The quaternary structure of the ORF3a protein. The domains of ORF3a are described by the 2D scheme and its colors are highlighted in the structure. The position where mutations were identified are shown as mesh. It is interesting to observe that most of the mutations are located in the transmembrane region. The tertiary structures are presented as cartoon and surface.

ORF1a polyprotein

The ORF1a polyprotein is cleaved during the virus life cycle into 11 non-structural proteins, which are the leader protein, NSP2, NSP3, NSP4, 3CL-like protease, NSP6, NSP7, NSP8, NSP9, NSP10 and NSP11. Among these, 3C-like protease is the main target for antiviral development against SARS-CoV-2. Sequence analysis shows that the leader protein, NSP6, NSP9, NSP10 and NSP11 present no mutations when compared to the first genome sequence from Wuhan. However, the other non-structural proteins present at least one mutation. The 3CL-like protease presents two point mutations at position K90R and L205V, and are associated with positive selection. It is important to highlight that no mutation is observed near the active site of the main protease.

NSP7 also shows one mutation at position L71F, which has a high frequency in the Brazilian genomes. NSP8 presents three point mutations (R51C, L95F and A194V), where A194V belongs to sites of CTL linear epitopes18; this position was associated with positive selection. Therefore, since the functions of NSP7 and NSP8 were involved in the process of making new copies of viral RNA, any mutation in these proteins should be carefully evaluated. NSP4 presents two mutations, A307Y and H313Y, not predicted to be involved on sites of linear epitopes. Site-wise evolutionary rate analysis shows that NSP2 and NSP3 proteins accounted for most of the mutations in ORF1a, nine being observed in NSP2 and 11 in NSP3 (Supplementary Materials). Among all these mutations, only A194V of the NSP2 was described as being associated with positive selection and to belong to CTL linear epitopes18.

SARS-CoV-2 and the inflammatory process

In general, as cells become infected by viral particles, transcription factors (including NF- κB) start to stimulate the expression of IFN-I, a mechanism activated by our innate immune system against viruses. The secreted IFN molecules bind to their specific receptors, initiating the activation of the JAK/STAT pathway and inducing the translocation of transcription factors (responsive to IFN) to the nucleus, establishing an antiviral state48. The SARS-CoV-2 infection mechanism, however, uses a selective process that prevents the induction of the IFN-I system, inactivating/blocking antagonistic members responsive to the viral replication system20 (Fig. 6).

Figure 6
figure 6

Schematic representation of the SARS-CoV-2 viral infection mechanism by preventing the induction of the IFN-I pathway. The virus inactivates antagonistic members responsive to the viral replication system: SARS-CoV-2 ORF6, ORF8, N and ORF3 inhibit the IFN-I signaling pathway, via NF-κB, being also related to the inflammation activation mechanism. Regarding SARS-CoV, (N) encapsulates the virus genomic RNA protecting and allowing, in the initial stage, the viral replication. ORF3 has been mentioned for its pro-apoptotic activity and is probably associated with a reduction in apoptosis-mediated antiviral defense in infected cells. When the NF-κB activation pathway is inhibited by the virus, another pro-inflammatory response, such as caspase-1, affects the transcription of inflammatory cytokine genes. Mitogen-activated protein kinases (MAPKs) act on the IFN-I pathway and directly on inflammatory elements. From SARS-CoV-2 infection and pro-inflammatory cytokines resulting from the action of macrophages and other antigen-presenting cells (APCs), activation of the p38/MAPK pathway occurs acting on the NF-κB, STAT pathway, thus promoting high expression of pro-inflammatory cytokines, such as IL-6 and TNF-α.

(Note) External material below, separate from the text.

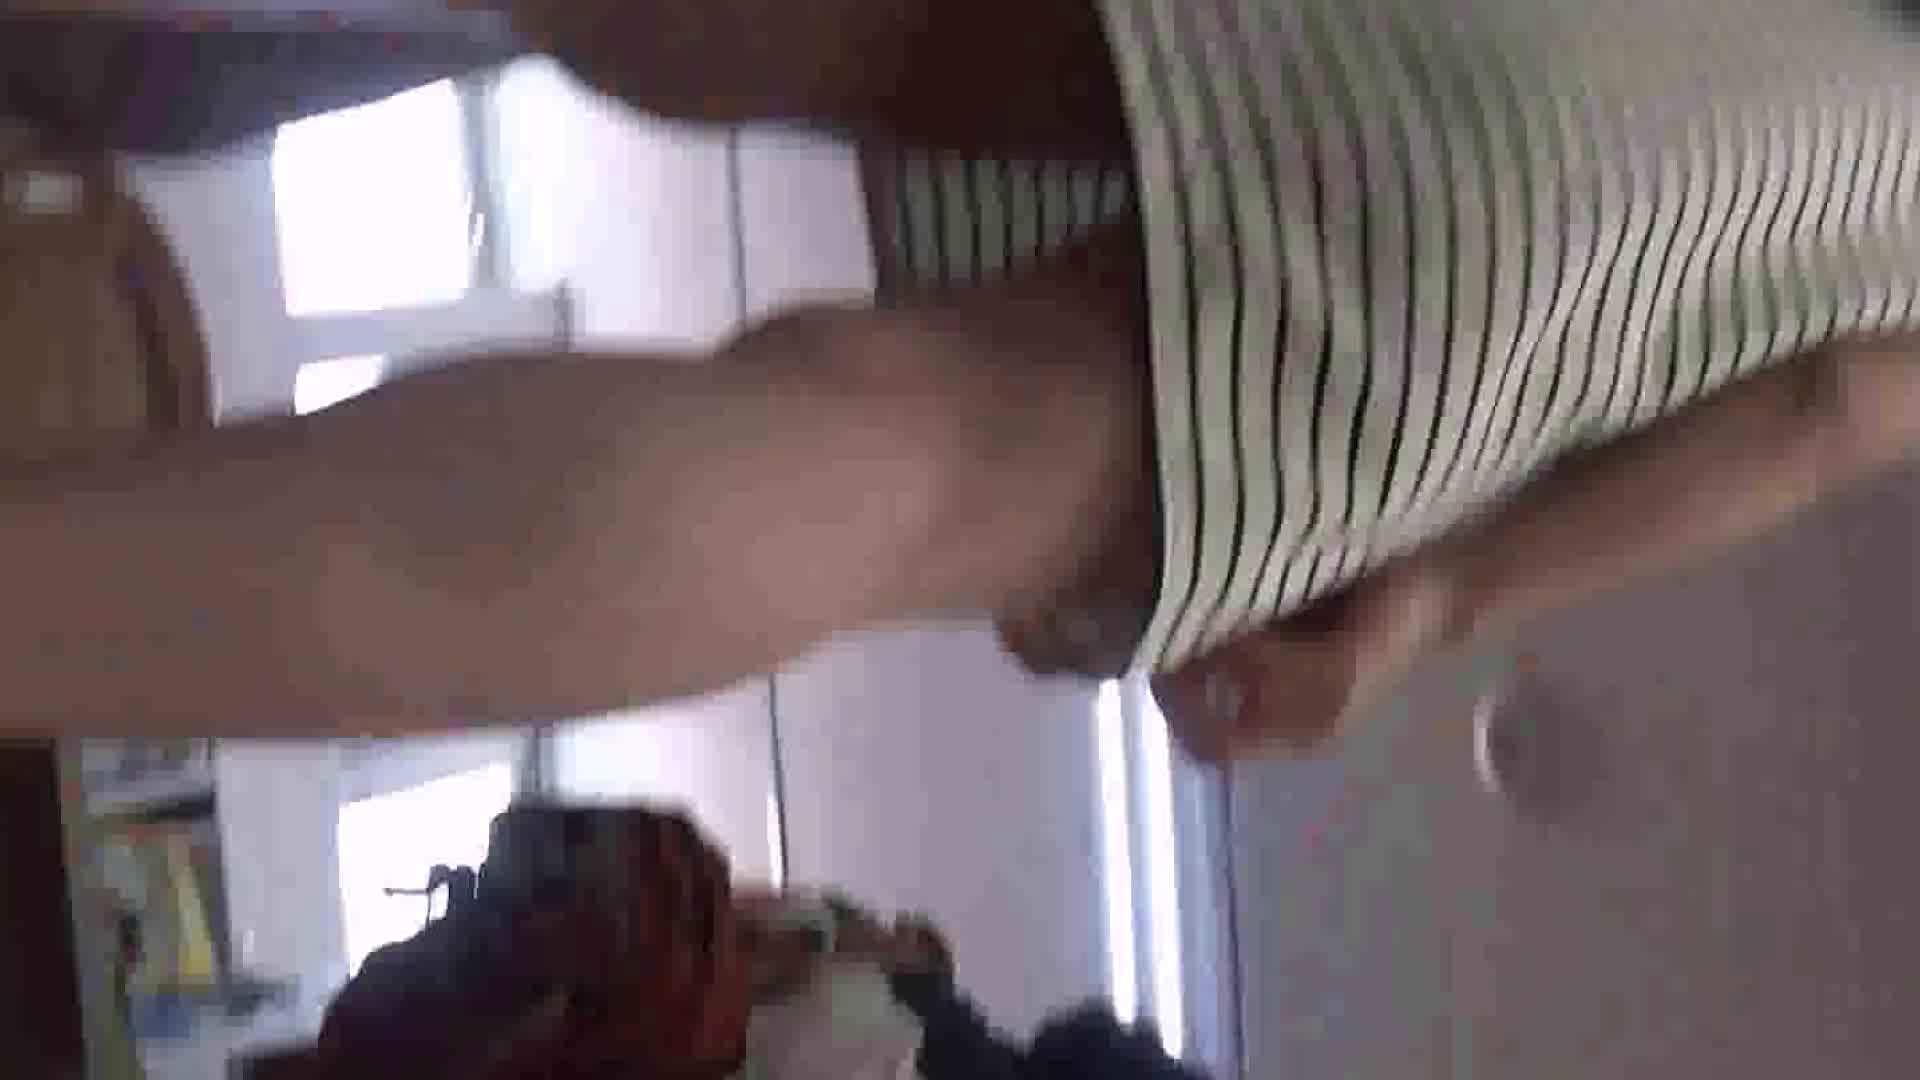 真剣に買い物中のgal達を上から下から狙います。vol.01 OLヌード天国  77PIX 40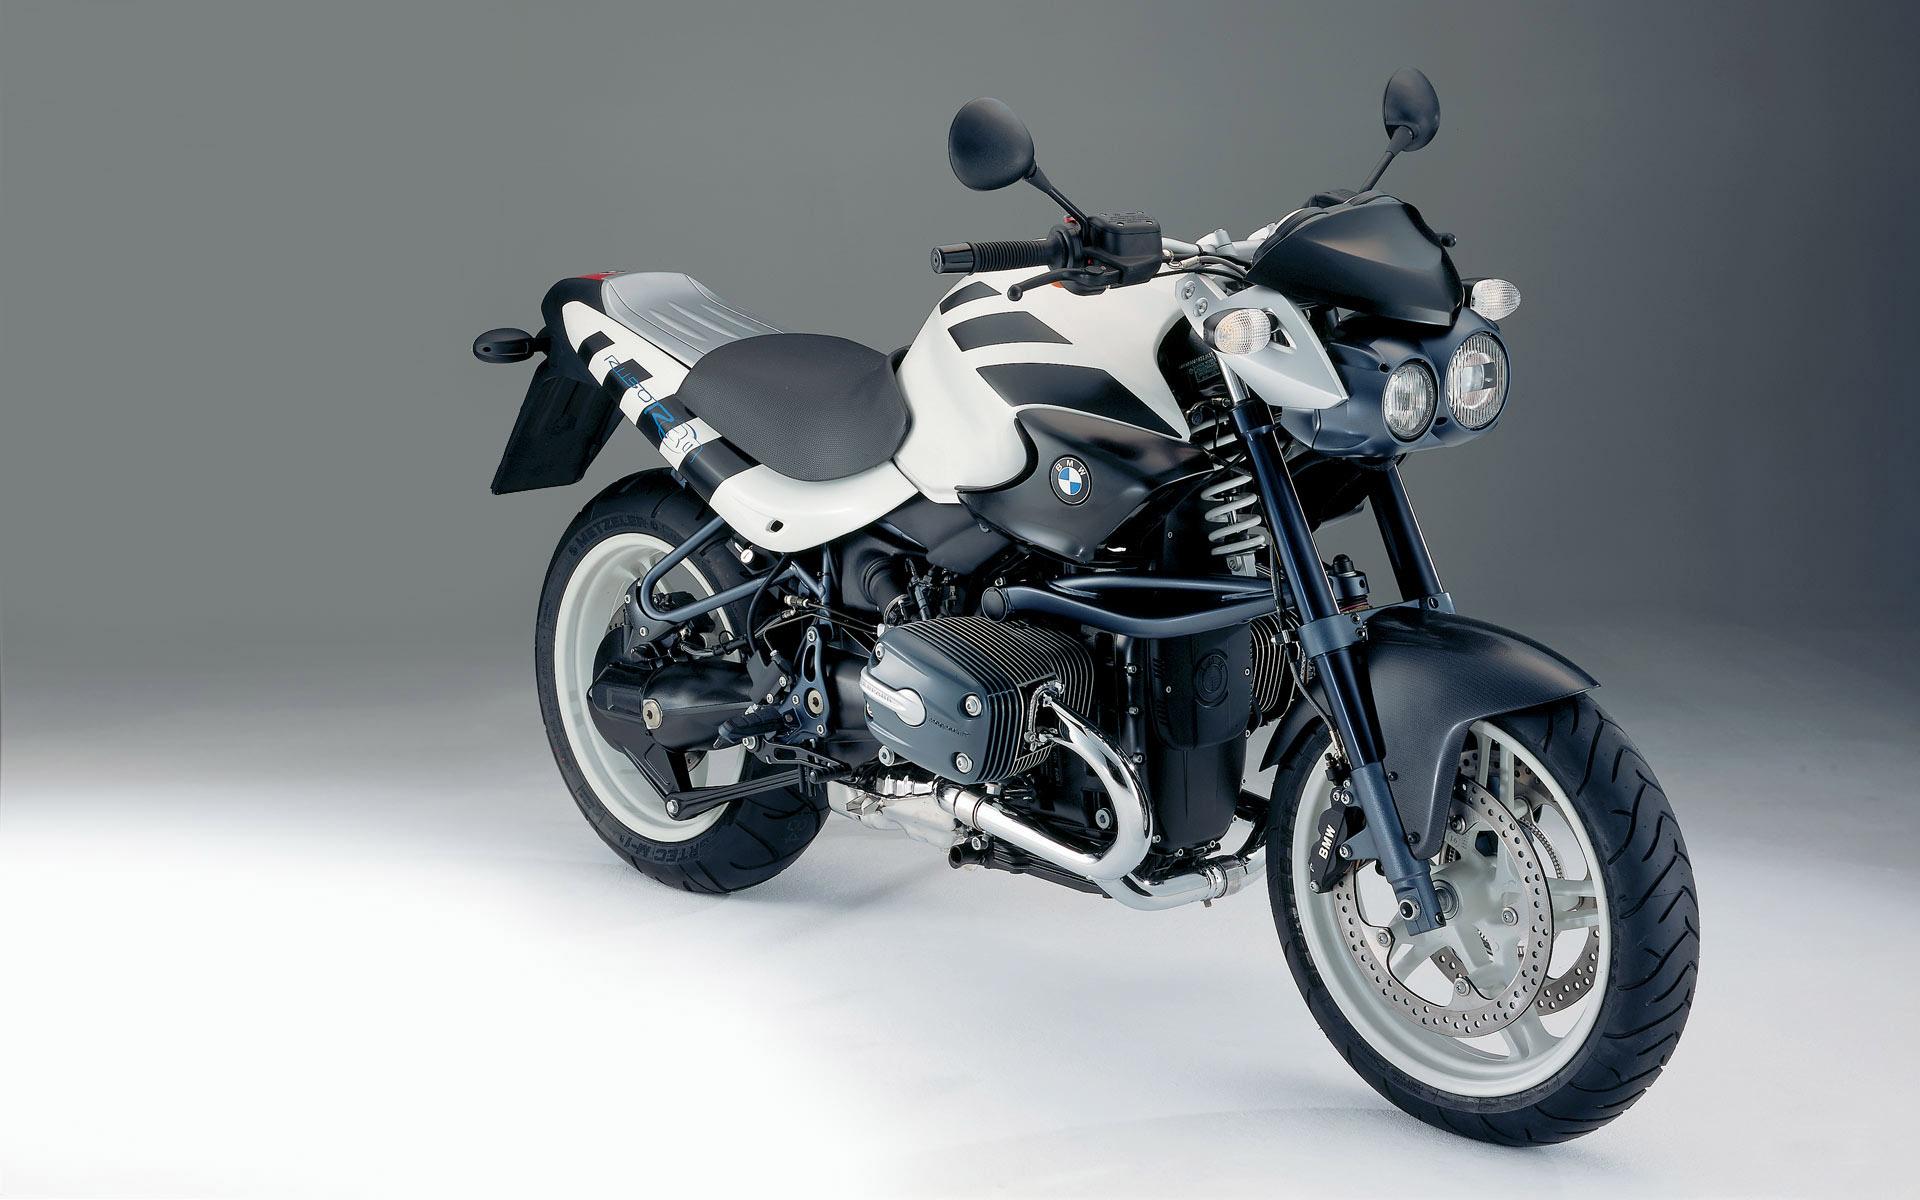 духлесс 2 фото мотоцикл #5

SARS-CoV-2 ORF6, ORF8, N and ORF3 are potent INF antagonists acting on the early stages of infection. A recent study indicated that their relation to the delayed release of IFNs would hinder the host's antiviral response and benefit viral replication20. These proteins are not only capable of inhibiting the IFN-I signaling pathway via NF-κB, but are also related to the inflammation activation mechanism20. ORF6 displays a critical antagonistic activity, avoiding the antiviral innate immune response, inhibiting interferon β (IFN-β) production and blocking the expression of STAT1-activated genes to SARS-CoV20,49. ORF8 has been considered one of the most relevant proteins related to viral replication in humans, as it is able to inhibit the expression of IFN- β20,50. The SARS-CoV-2 N protein acts as an IFN-I antagonist regulating the synthesis and signaling of this route. SARS-CoV has an additional important function that is critical in its antagonism to IFN-I during the viral life cycle: in the initiation stage, the N protein encapsulates the viral genomic RNA, protecting and allowing viral replication20 (Fig. 6). Apoptosis, a predominant type of programmed cell death, acts as an important antiviral defense mechanism of the host to control viral infection, being directed to the regulation of inflammatory response. ORF3, which is known for its pro-apoptotic activity, could be potentially associated with a reduction in apoptosis-mediated antiviral defense in infected cells, which could confer an advantage for SARS-CoV-2, as the infection can be relatively mild or even asymptomatic during the early stages, thus allowing the virus to spread more widely51. Therefore, this process is in many ways related to the induction of NF-kB, interfering in the IFN-1 route. NF-kB is a transcription factor for the formation of pro- inflammatory cytokines, so when the NF-kB activation pathway is inhibited by the virus, another pro-inflammatory response, such as caspase-1, affects the transcription of inflammatory cytokine genes44,51 (Fig. 6).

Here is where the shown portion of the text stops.